• Exercise aim: Instruction for the data below: set down exactly the lines from the line with "Honda_S660_Trad_Leather_Edition_0000" to the line with "bos-deterjan-kutularindan- organizer yapmak", inclusive, and no others.
[Opening Dataset section]
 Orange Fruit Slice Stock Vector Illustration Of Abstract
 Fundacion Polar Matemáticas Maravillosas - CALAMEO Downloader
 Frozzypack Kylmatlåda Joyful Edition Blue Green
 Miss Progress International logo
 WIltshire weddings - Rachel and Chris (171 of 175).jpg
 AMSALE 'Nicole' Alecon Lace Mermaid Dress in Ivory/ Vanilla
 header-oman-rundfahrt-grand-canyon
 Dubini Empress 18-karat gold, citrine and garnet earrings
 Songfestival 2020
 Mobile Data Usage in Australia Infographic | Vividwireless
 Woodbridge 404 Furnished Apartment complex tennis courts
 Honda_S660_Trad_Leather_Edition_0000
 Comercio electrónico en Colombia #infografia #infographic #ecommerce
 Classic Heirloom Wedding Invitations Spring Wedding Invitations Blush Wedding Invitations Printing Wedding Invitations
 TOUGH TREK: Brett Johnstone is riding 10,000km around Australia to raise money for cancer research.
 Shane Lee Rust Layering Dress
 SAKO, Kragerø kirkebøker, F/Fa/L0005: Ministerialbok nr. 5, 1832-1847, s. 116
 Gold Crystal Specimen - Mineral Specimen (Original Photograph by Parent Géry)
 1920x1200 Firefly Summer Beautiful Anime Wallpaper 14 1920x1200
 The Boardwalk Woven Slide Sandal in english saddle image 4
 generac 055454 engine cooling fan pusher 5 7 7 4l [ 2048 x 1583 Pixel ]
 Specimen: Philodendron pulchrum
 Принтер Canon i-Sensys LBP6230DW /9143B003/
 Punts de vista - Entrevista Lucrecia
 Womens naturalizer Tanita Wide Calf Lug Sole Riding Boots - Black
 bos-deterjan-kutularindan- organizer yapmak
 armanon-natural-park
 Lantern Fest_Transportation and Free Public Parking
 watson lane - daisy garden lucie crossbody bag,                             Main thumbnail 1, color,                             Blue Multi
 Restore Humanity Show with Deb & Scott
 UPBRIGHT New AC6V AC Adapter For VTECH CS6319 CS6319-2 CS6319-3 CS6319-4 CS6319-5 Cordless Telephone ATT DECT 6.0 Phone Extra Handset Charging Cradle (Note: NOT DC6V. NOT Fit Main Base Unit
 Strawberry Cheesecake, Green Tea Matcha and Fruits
[Closing Dataset section]
• Exercise answer:
 Honda_S660_Trad_Leather_Edition_0000
 Comercio electrónico en Colombia #infografia #infographic #ecommerce
 Classic Heirloom Wedding Invitations Spring Wedding Invitations Blush Wedding Invitations Printing Wedding Invitations
 TOUGH TREK: Brett Johnstone is riding 10,000km around Australia to raise money for cancer research.
 Shane Lee Rust Layering Dress
 SAKO, Kragerø kirkebøker, F/Fa/L0005: Ministerialbok nr. 5, 1832-1847, s. 116
 Gold Crystal Specimen - Mineral Specimen (Original Photograph by Parent Géry)
 1920x1200 Firefly Summer Beautiful Anime Wallpaper 14 1920x1200
 The Boardwalk Woven Slide Sandal in english saddle image 4
 generac 055454 engine cooling fan pusher 5 7 7 4l [ 2048 x 1583 Pixel ]
 Specimen: Philodendron pulchrum
 Принтер Canon i-Sensys LBP6230DW /9143B003/
 Punts de vista - Entrevista Lucrecia
 Womens naturalizer Tanita Wide Calf Lug Sole Riding Boots - Black
 bos-deterjan-kutularindan- organizer yapmak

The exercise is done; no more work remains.